=== Begin Enclosure ===
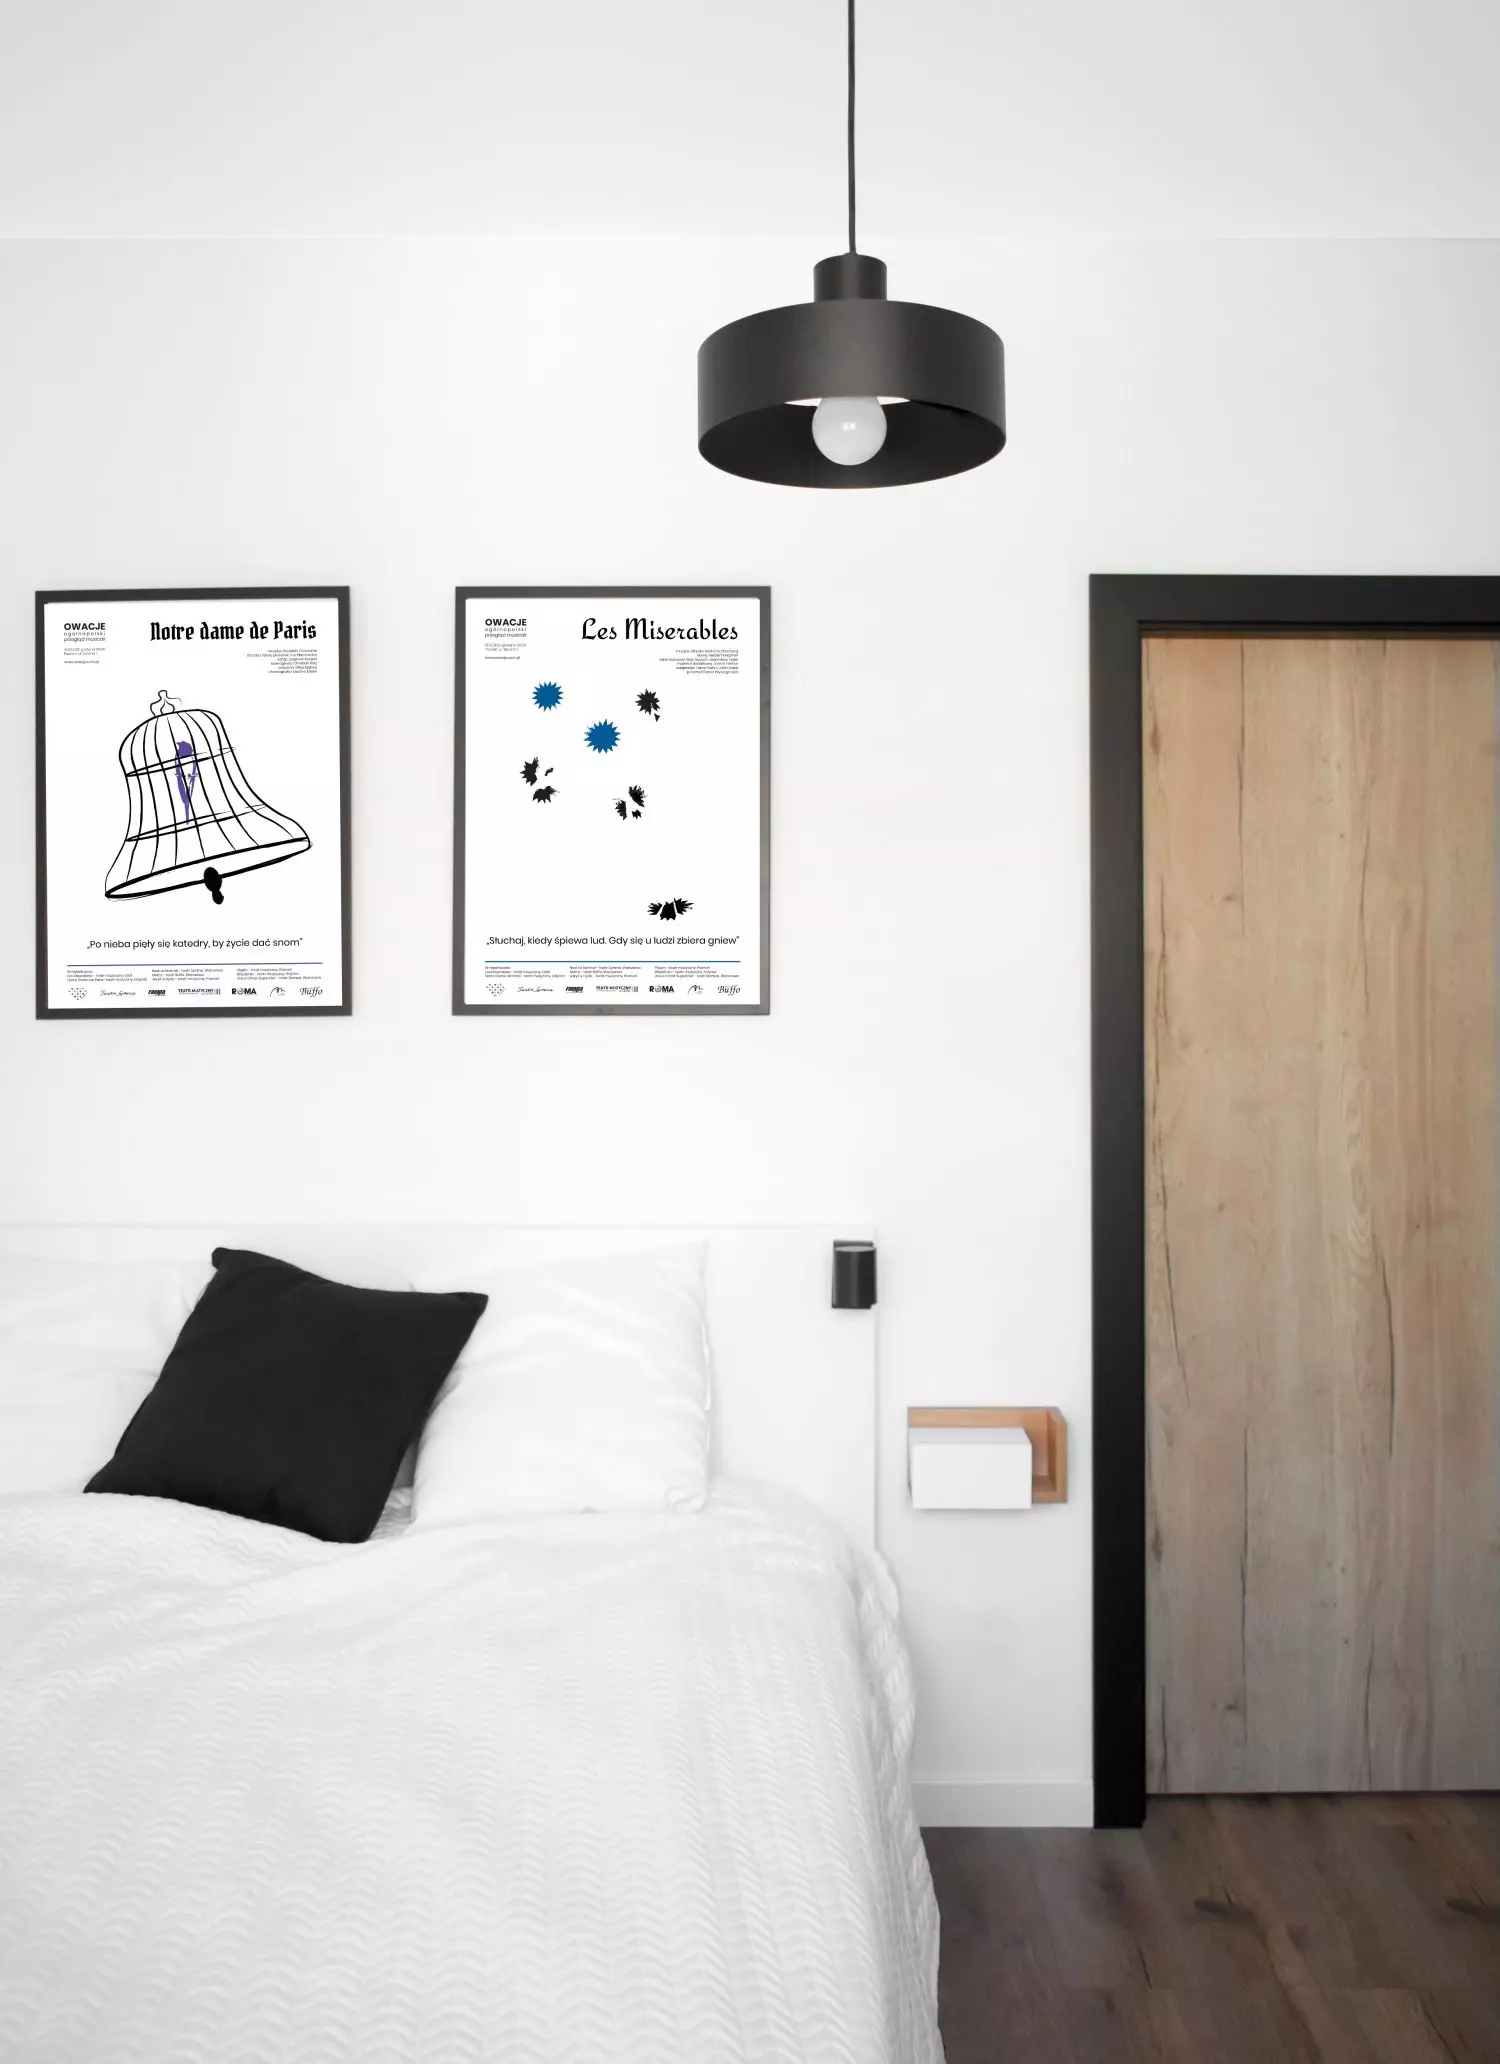 Sypialnia
i plakaty nad łóżkiem
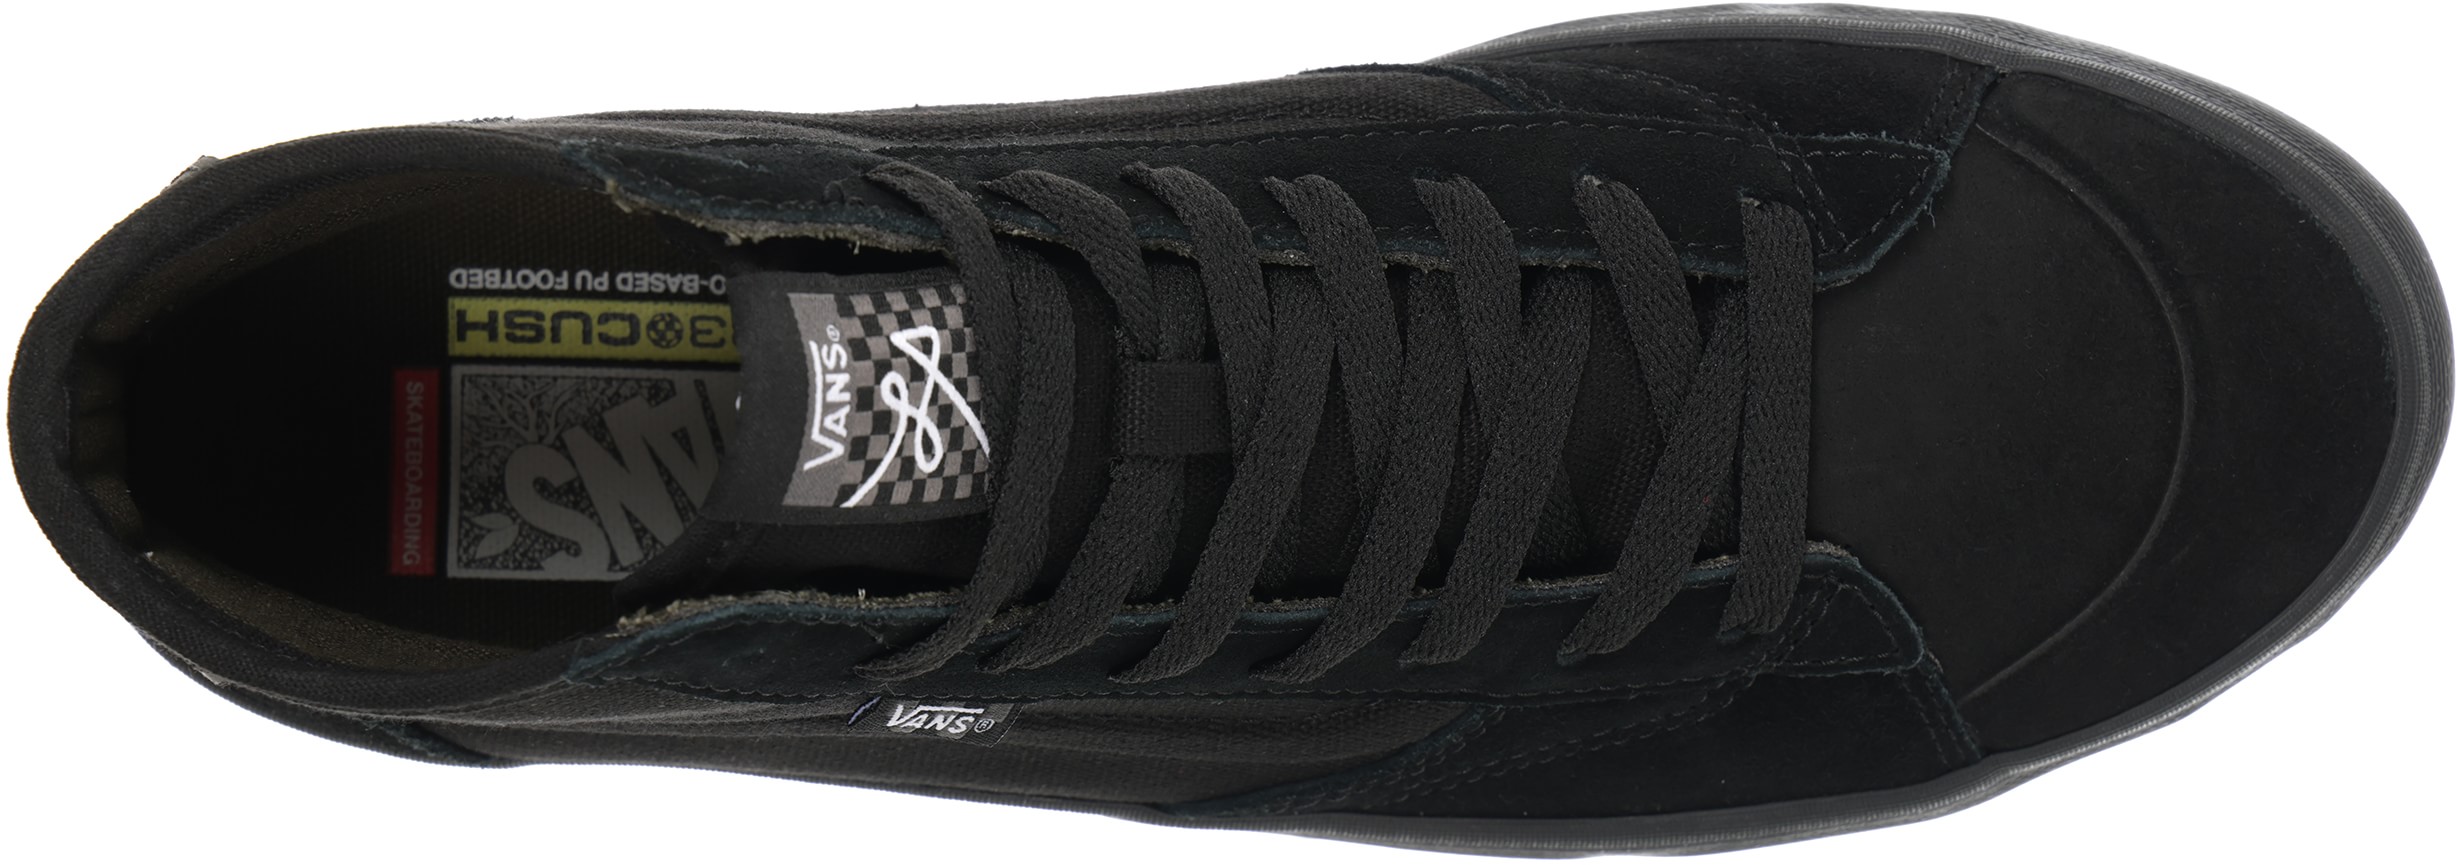 Vans The Lizzie Pro Skate Shoes - fatigue/black | Tactics
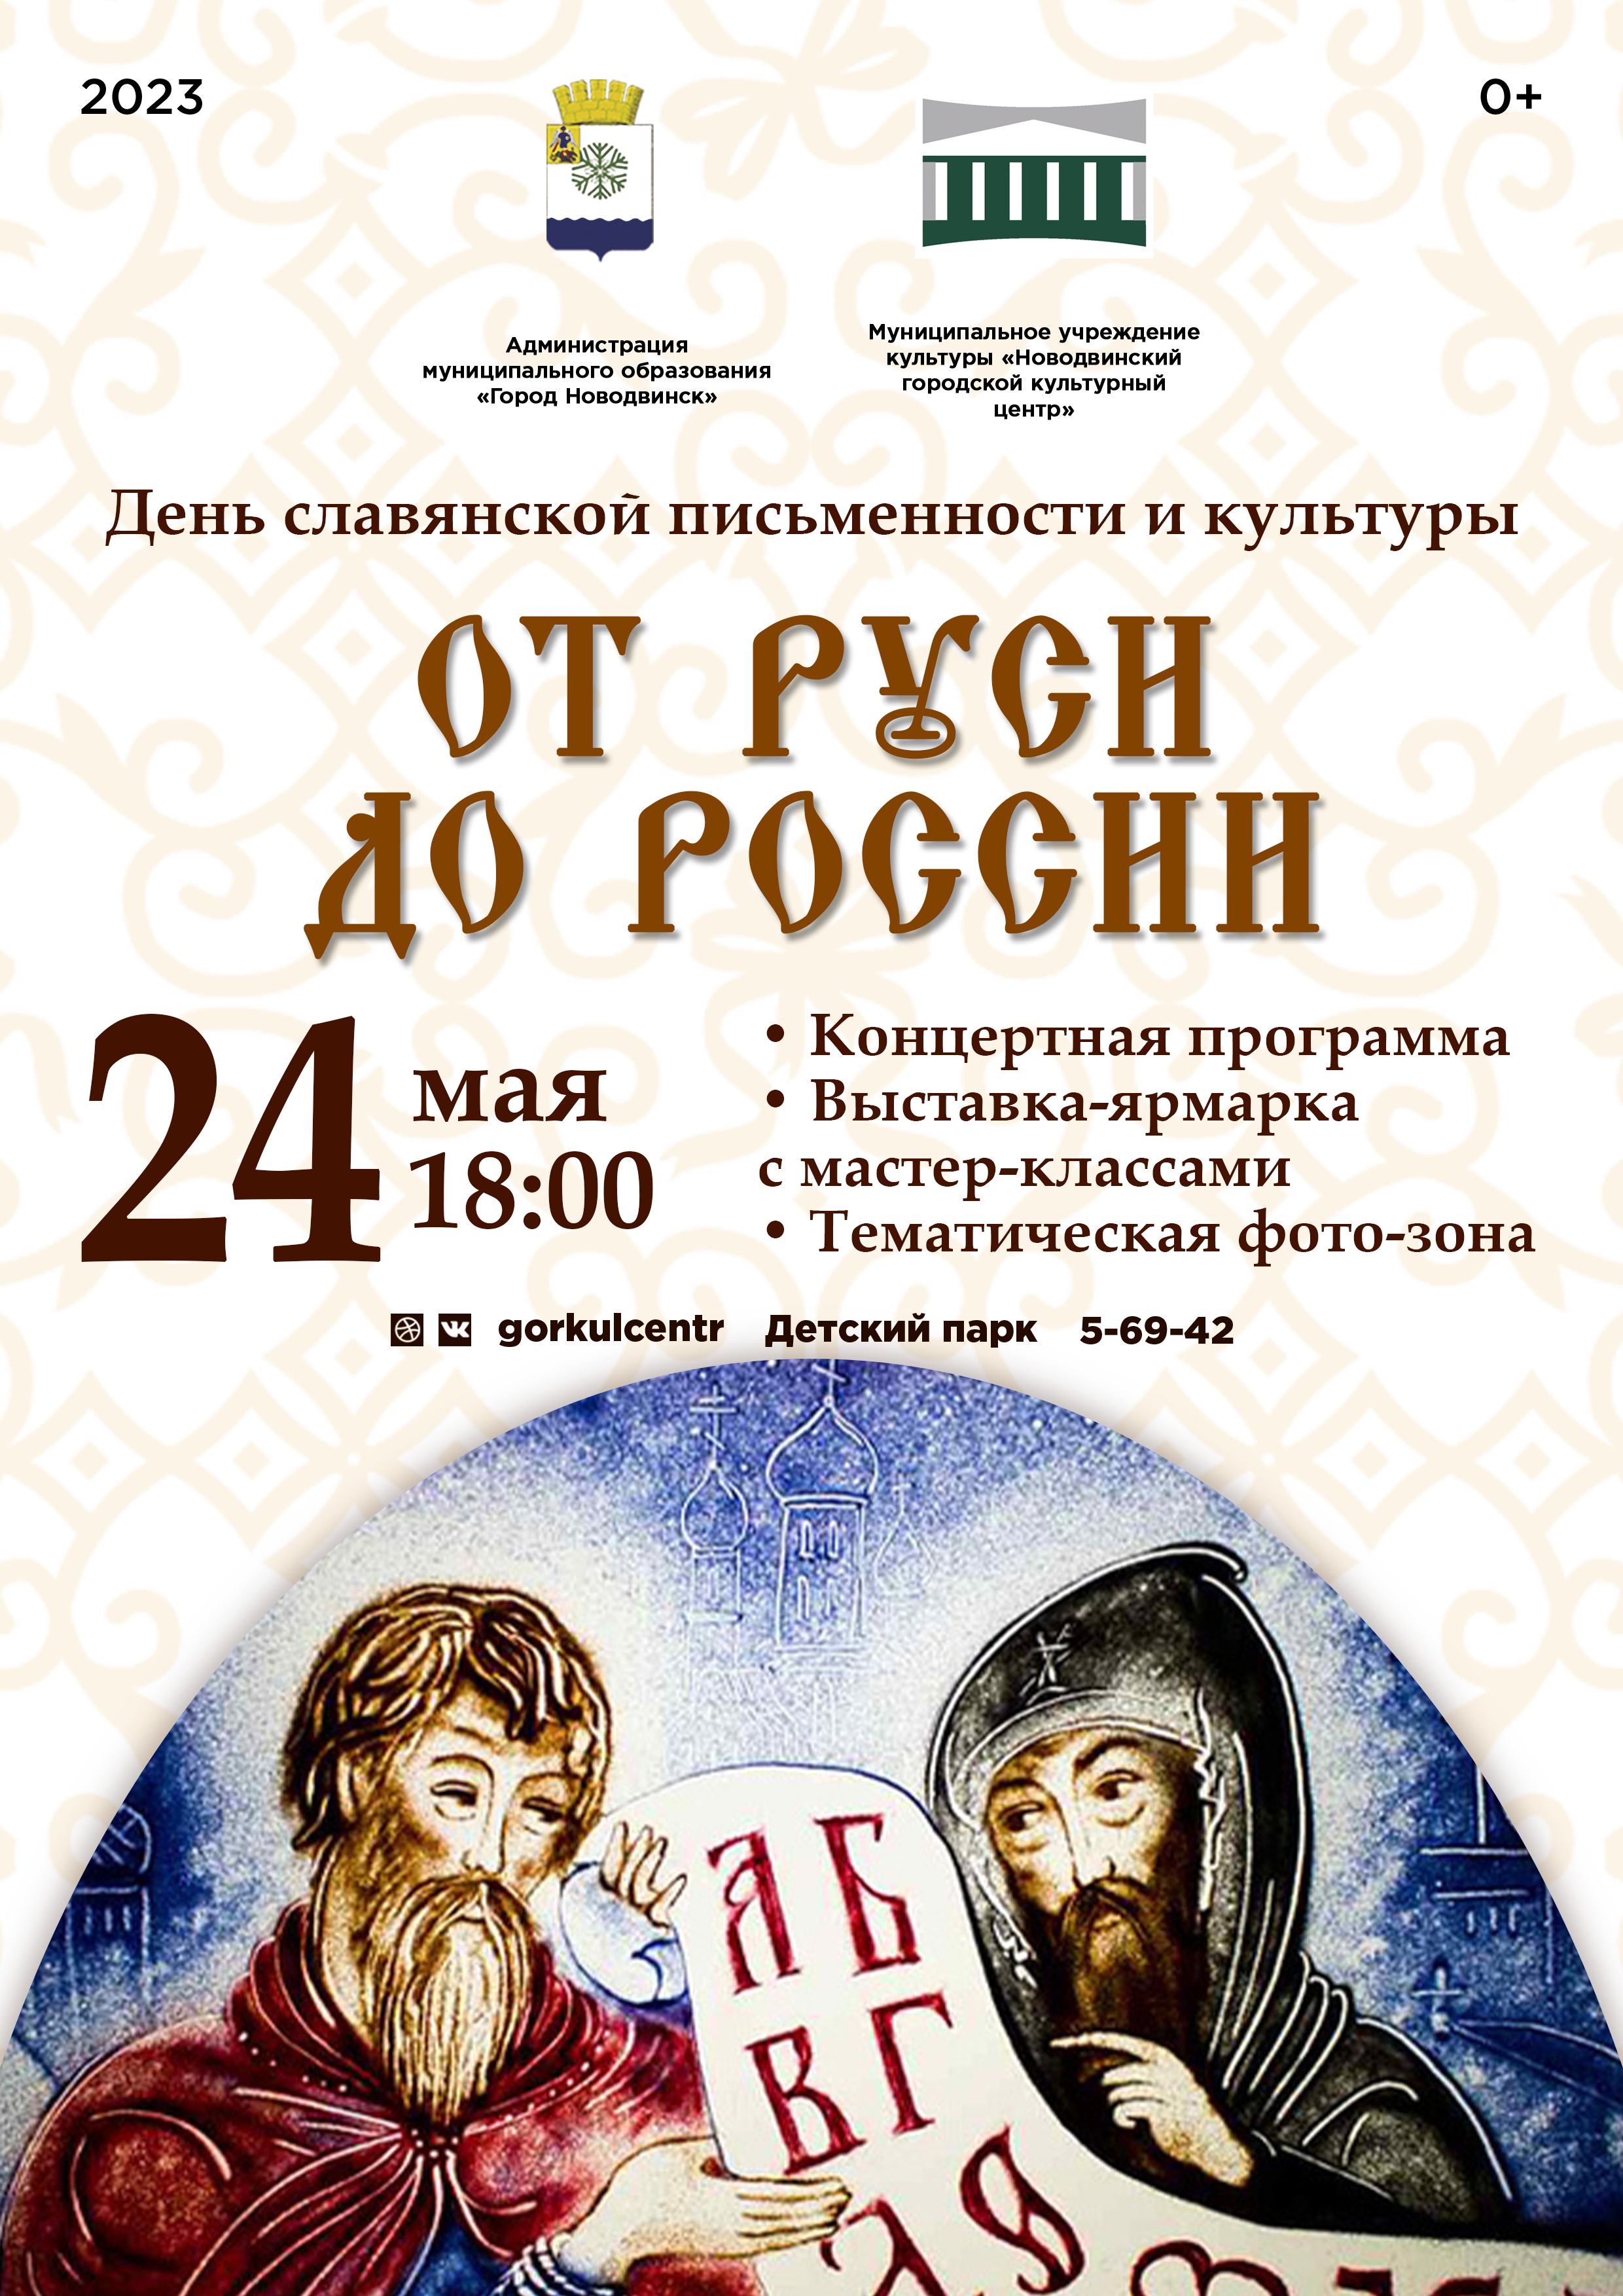 Ежегодно, 24 мая во всех славянских странах отмечают День славянской письменности и культуры.
=== End Enclosure ===
# [REQUIRED WORK]
Go through the data and return every word of it verbatim, leaving out the pictures.

# [ANSWER SECTION]
 Sypialnia
i plakaty nad łóżkiem
 Vans The Lizzie Pro Skate Shoes - fatigue/black | Tactics
 Ежегодно, 24 мая во всех славянских странах отмечают День славянской письменности и культуры.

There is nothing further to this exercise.